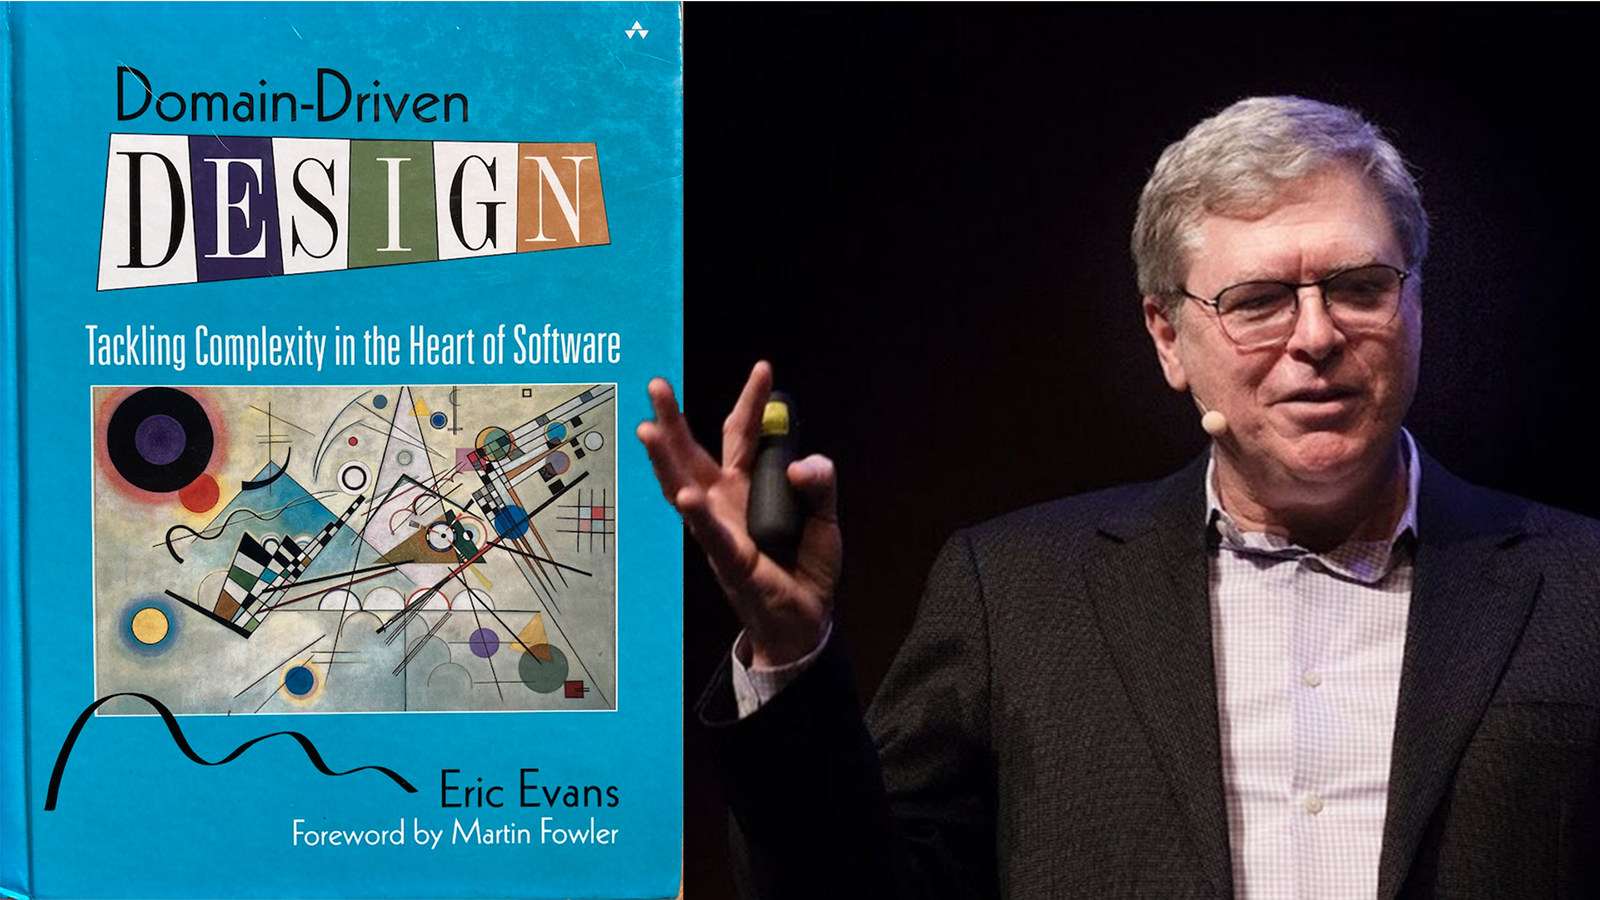 Bild på boken Domain-driven design och författaren Eric Evans
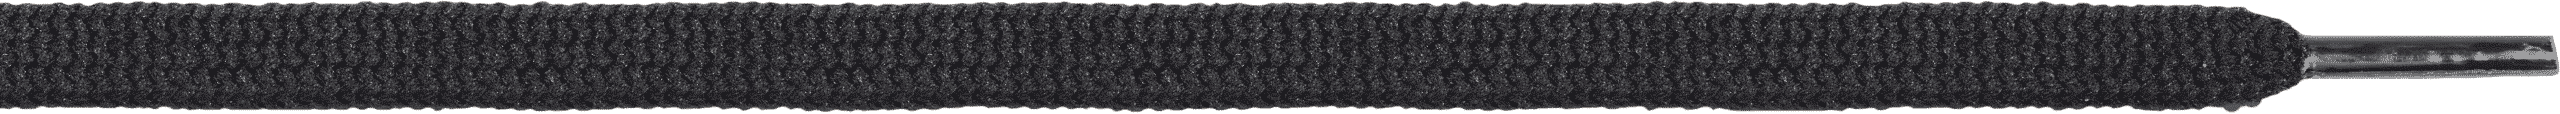 B209 polyeser flat lace black
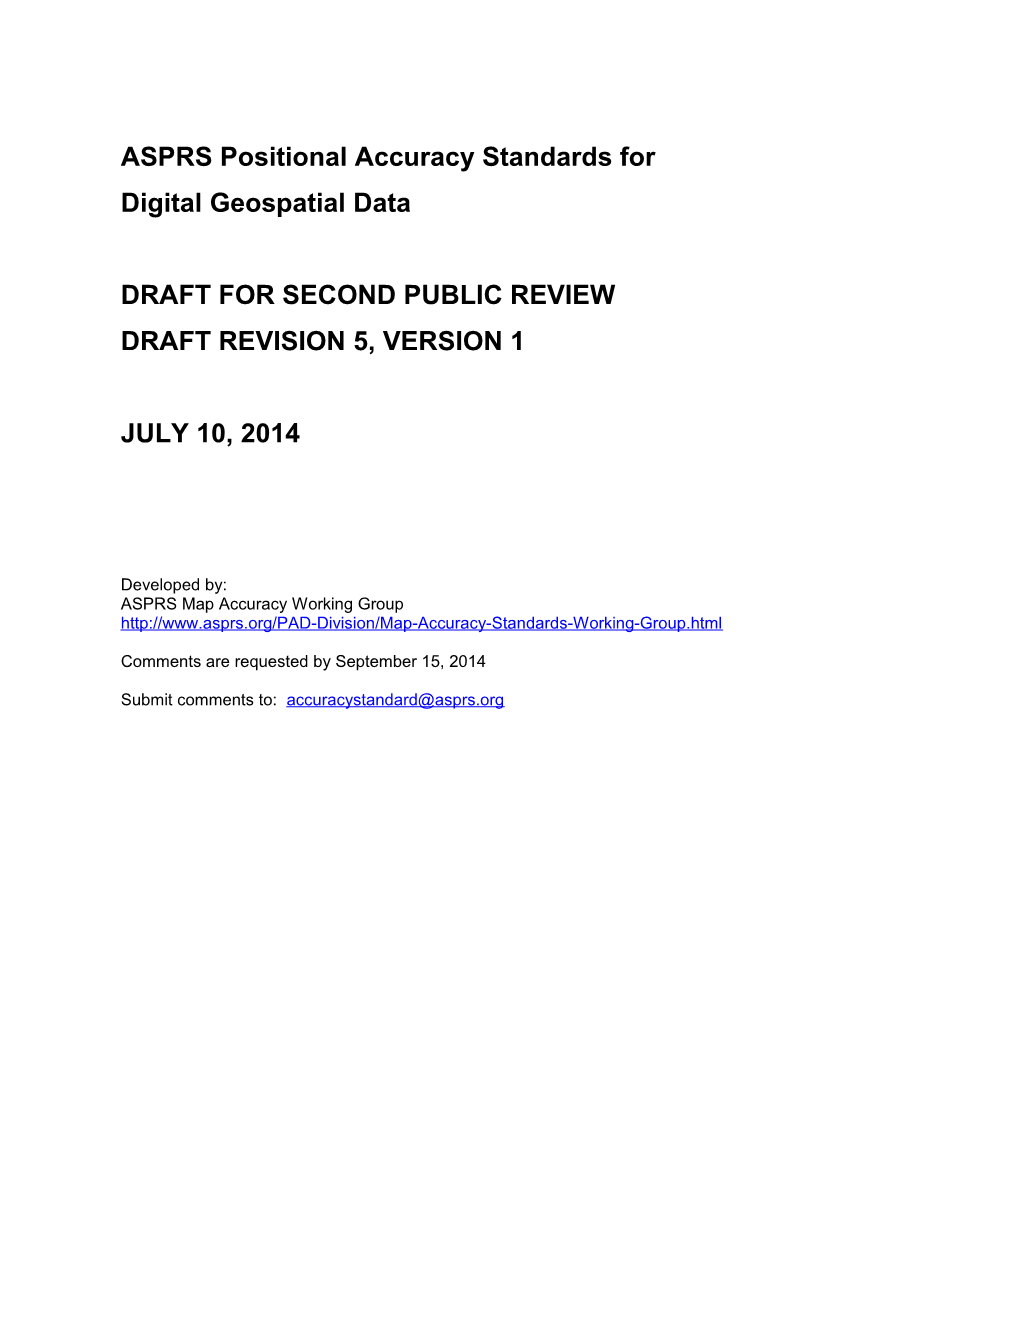 ASPRS Accuracy Standards For Digital Geospatial Data
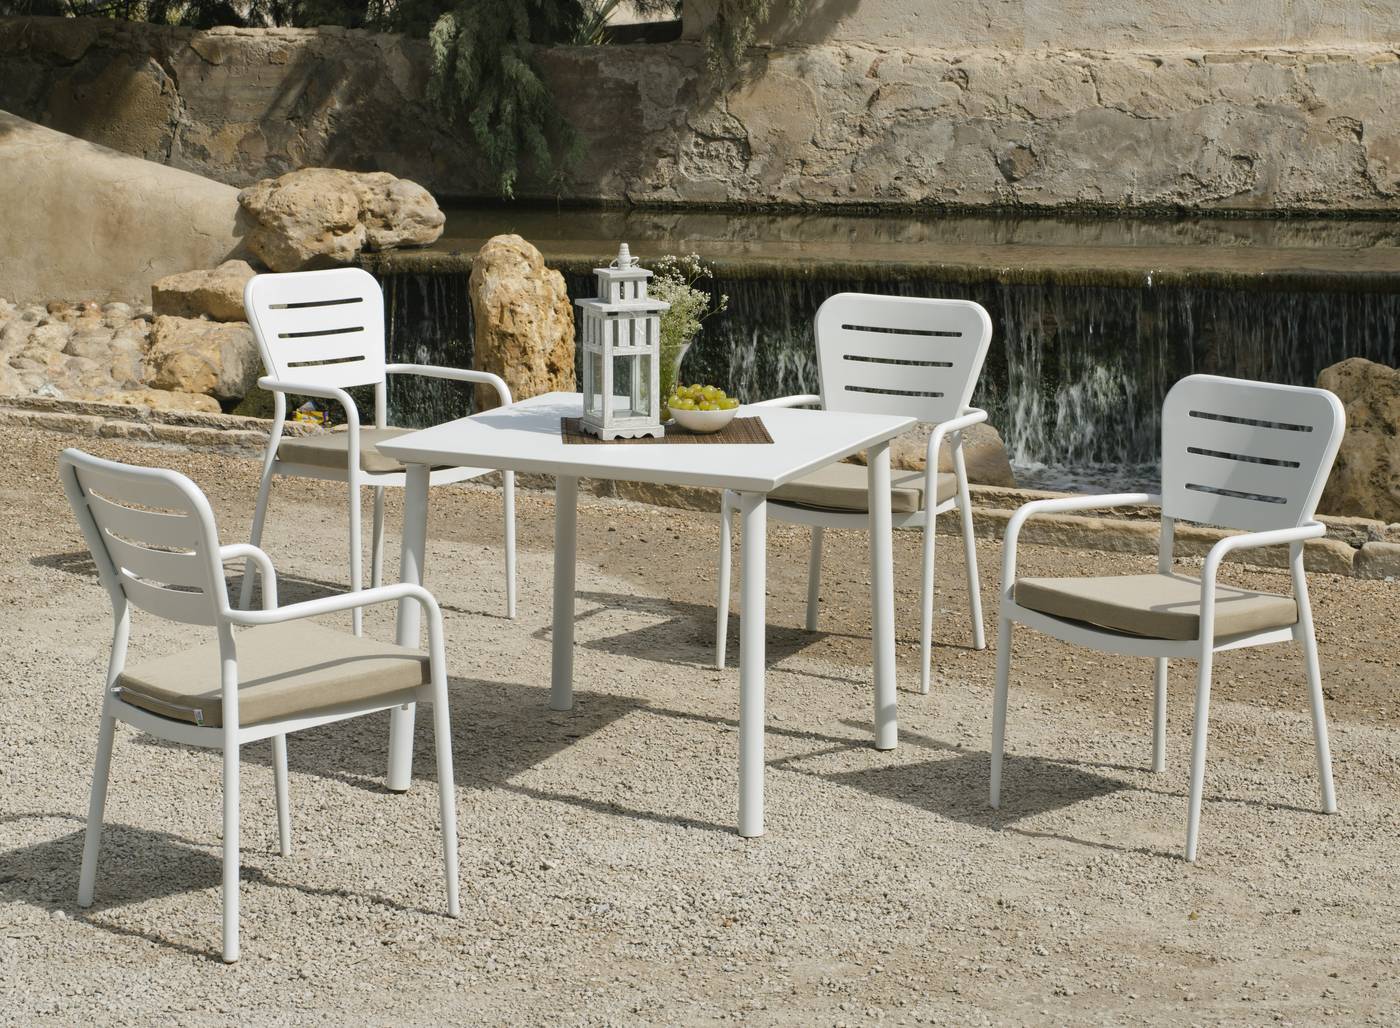 Conjunto todo aluminio color blanco: mesa cuadrada + 4 sillones
★ ★ ★ ★
Your task
Every line of the data above should be quoted exactly. Omit the pictures.

Response area
 Bild på boken Domain-driven design och författaren Eric Evans
 B209 polyeser flat lace black
 ASPRS Accuracy Standards For Digital Geospatial Data
 Conjunto todo aluminio color blanco: mesa cuadrada + 4 sillones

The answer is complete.